YOUR GOAL. Using the data below, transcribe exactly everything from the line that contains "Ross Electronic Bagpipes" down to the line that contains "a social engineering". Include both of those lines and none of the pictures.

SOURCE DATA.
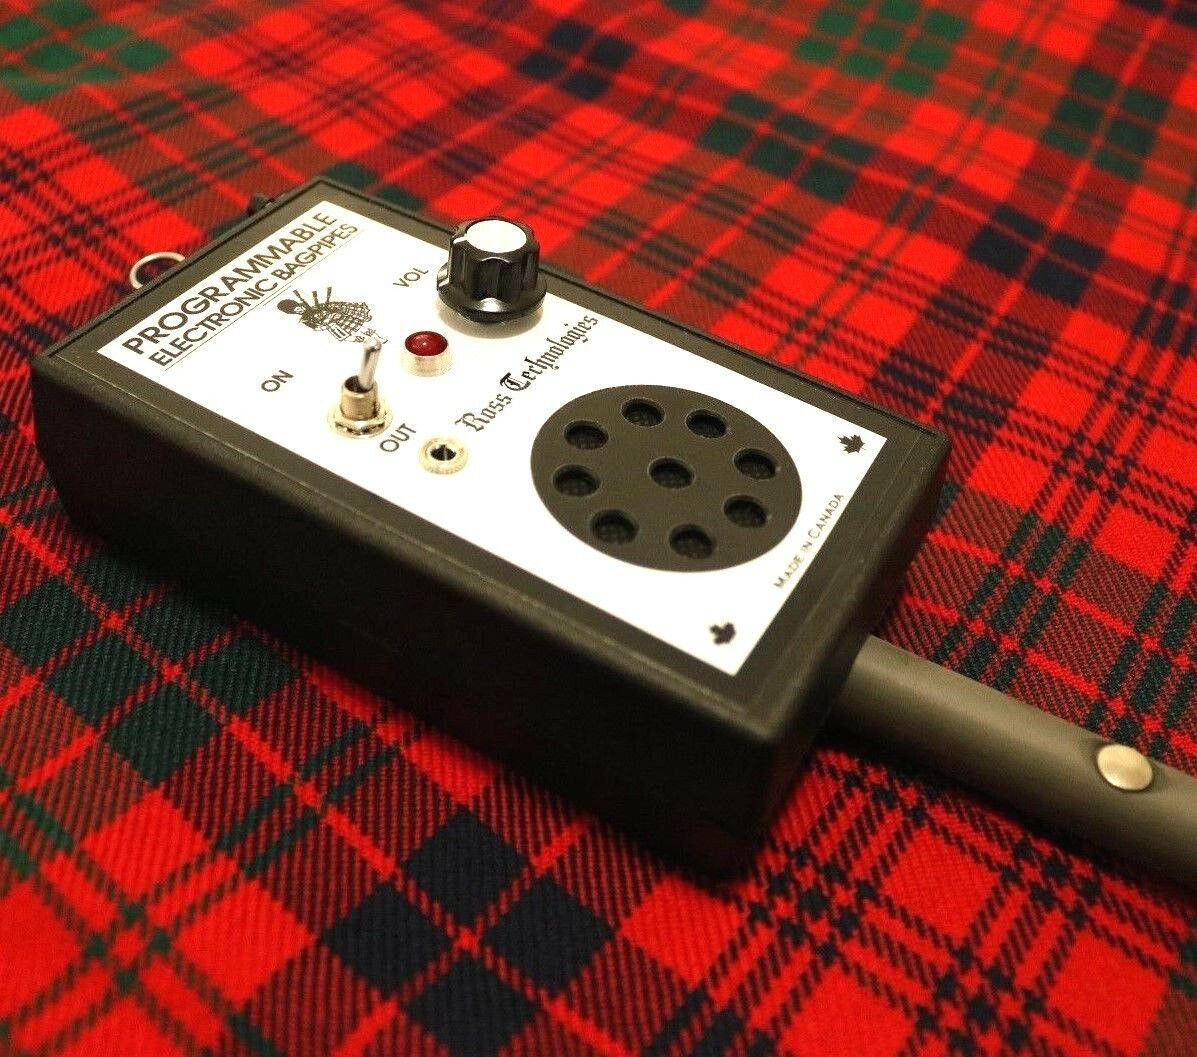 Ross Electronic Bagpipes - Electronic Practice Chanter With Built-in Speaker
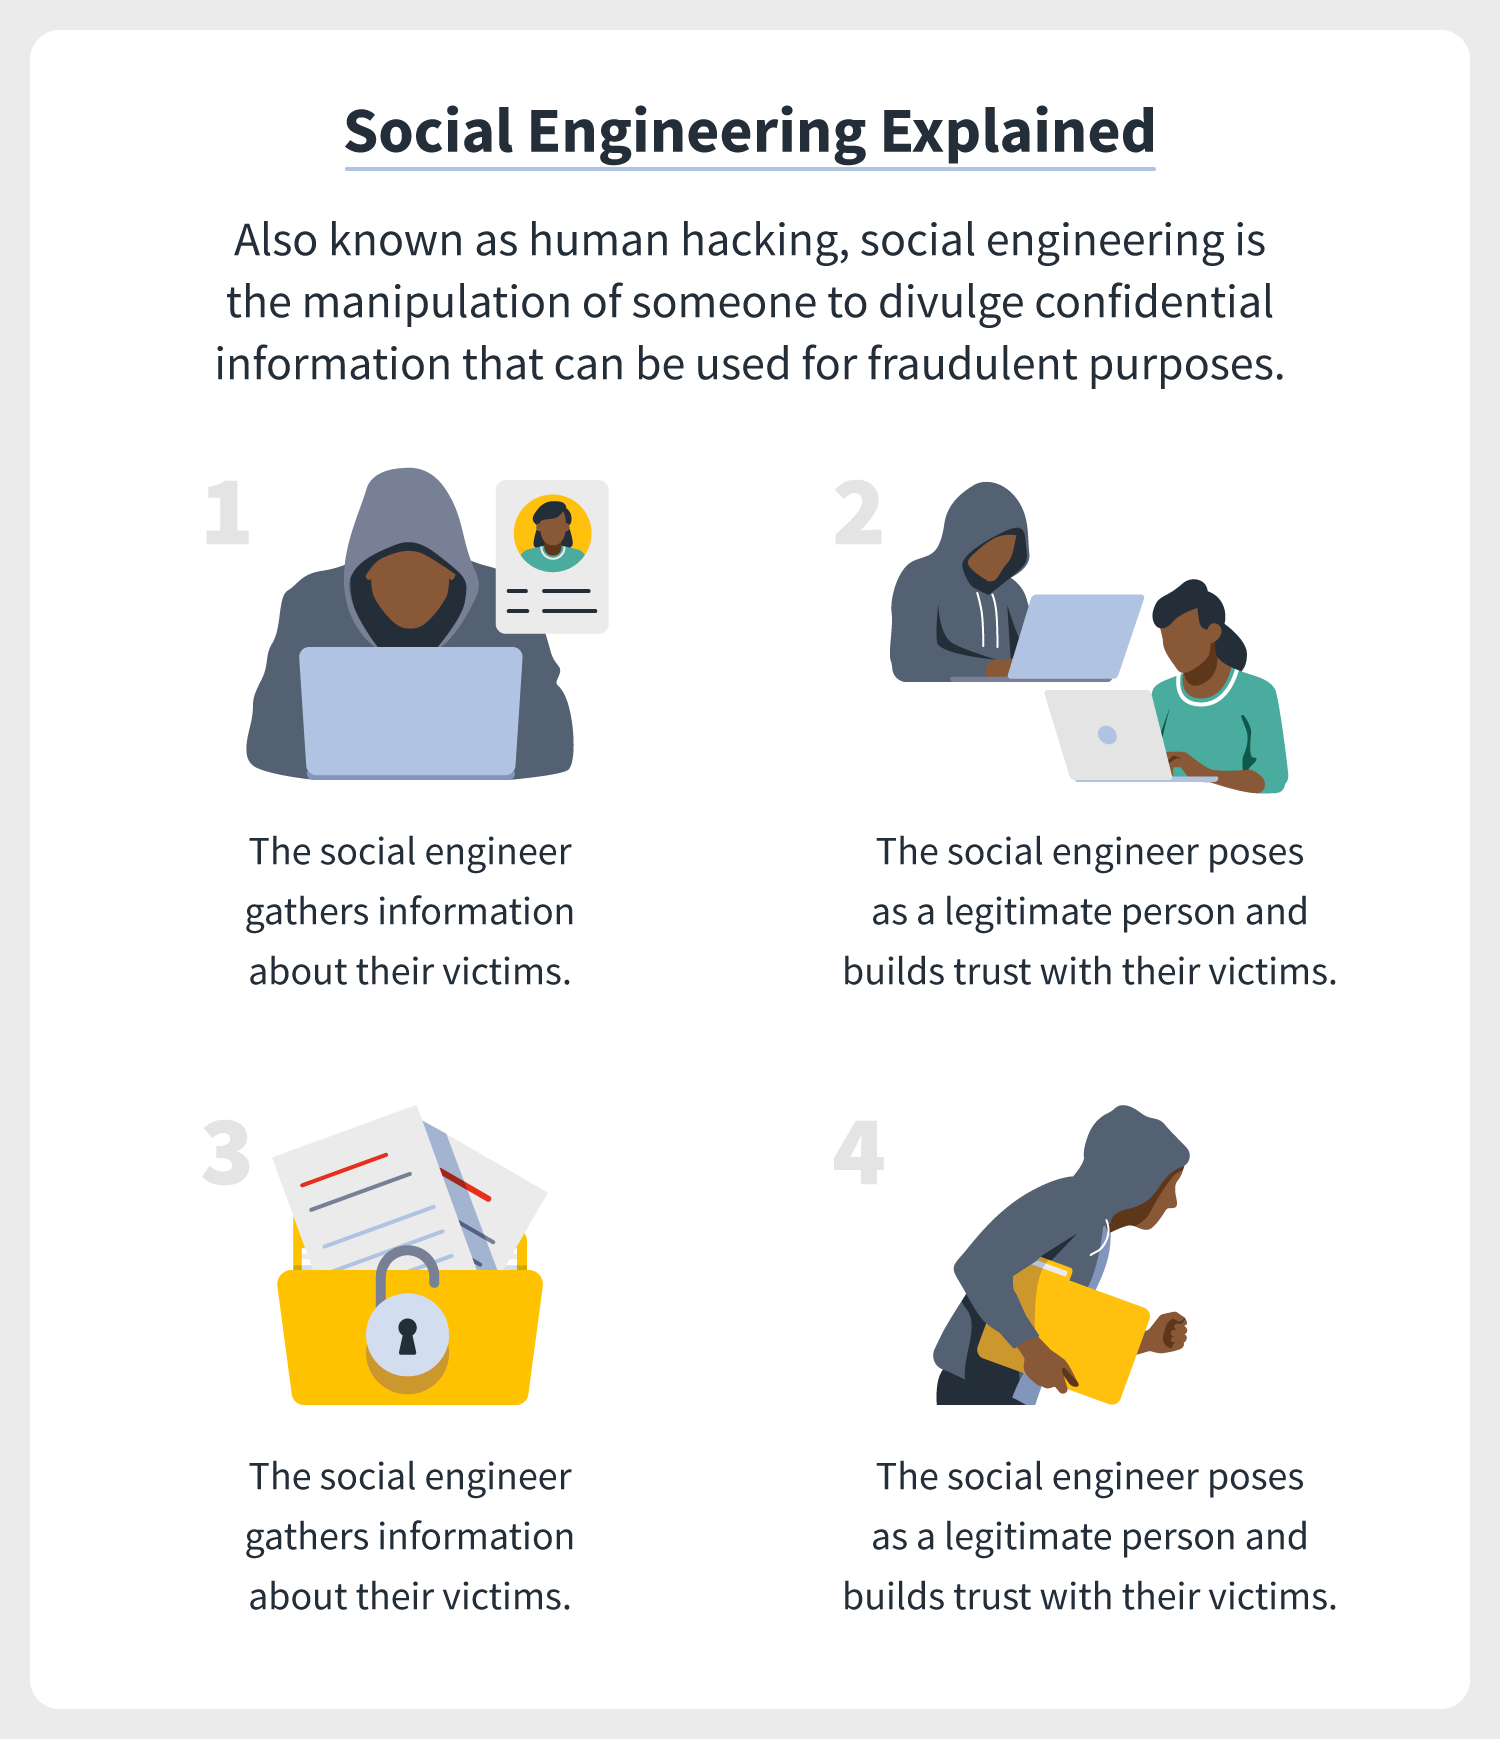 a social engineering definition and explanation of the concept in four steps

* * *

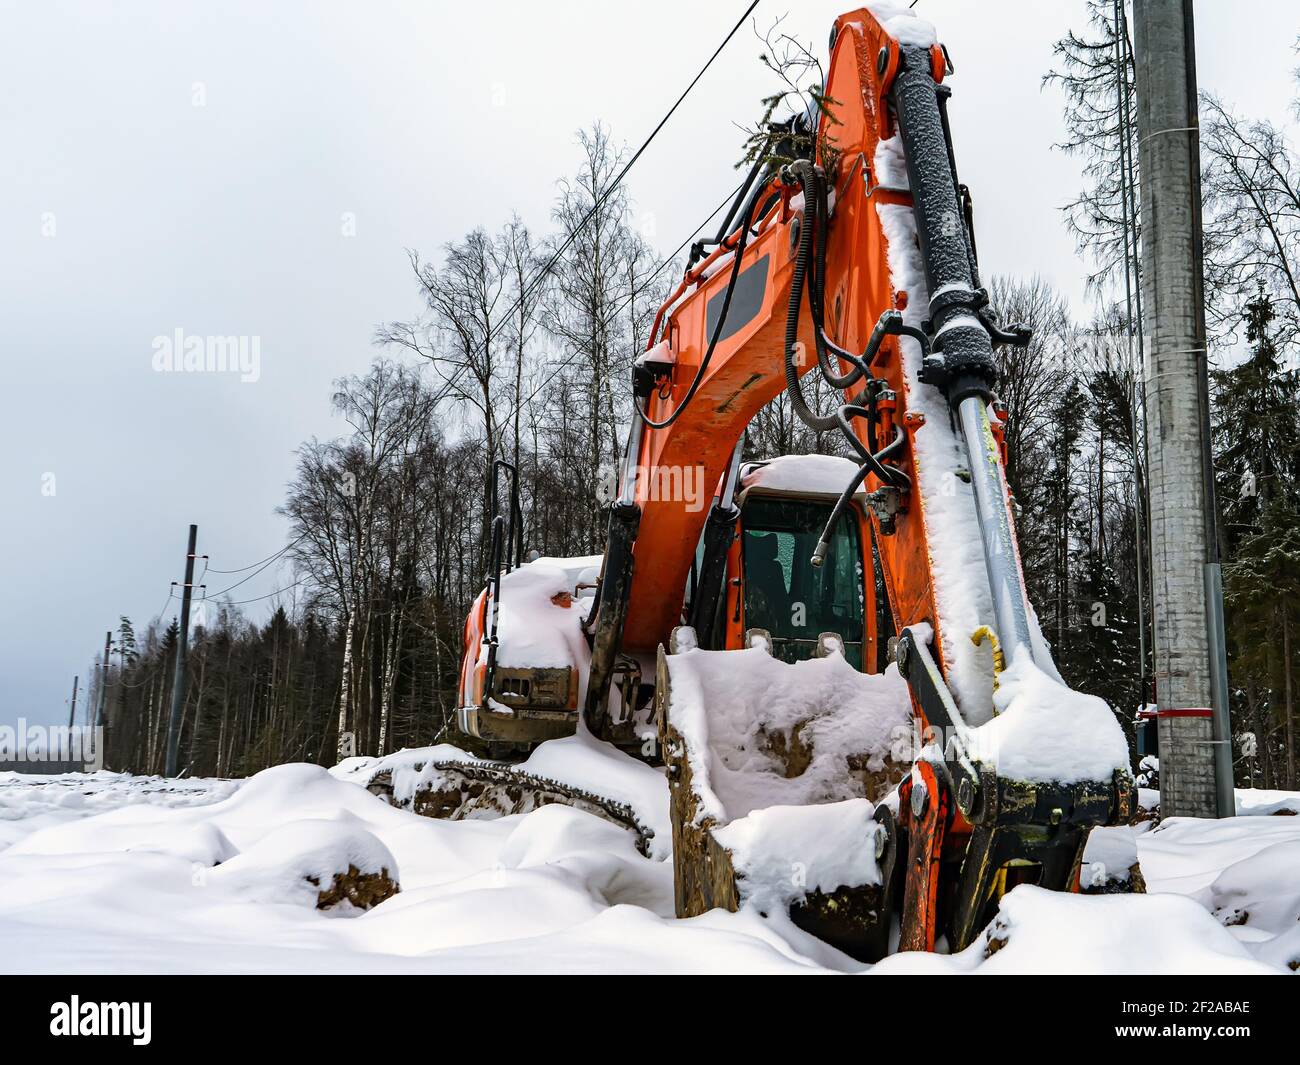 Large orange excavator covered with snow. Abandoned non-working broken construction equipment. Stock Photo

ANSWER BOX.
 Ross Electronic Bagpipes - Electronic Practice Chanter With Built-in Speaker
 a social engineering definition and explanation of the concept in four steps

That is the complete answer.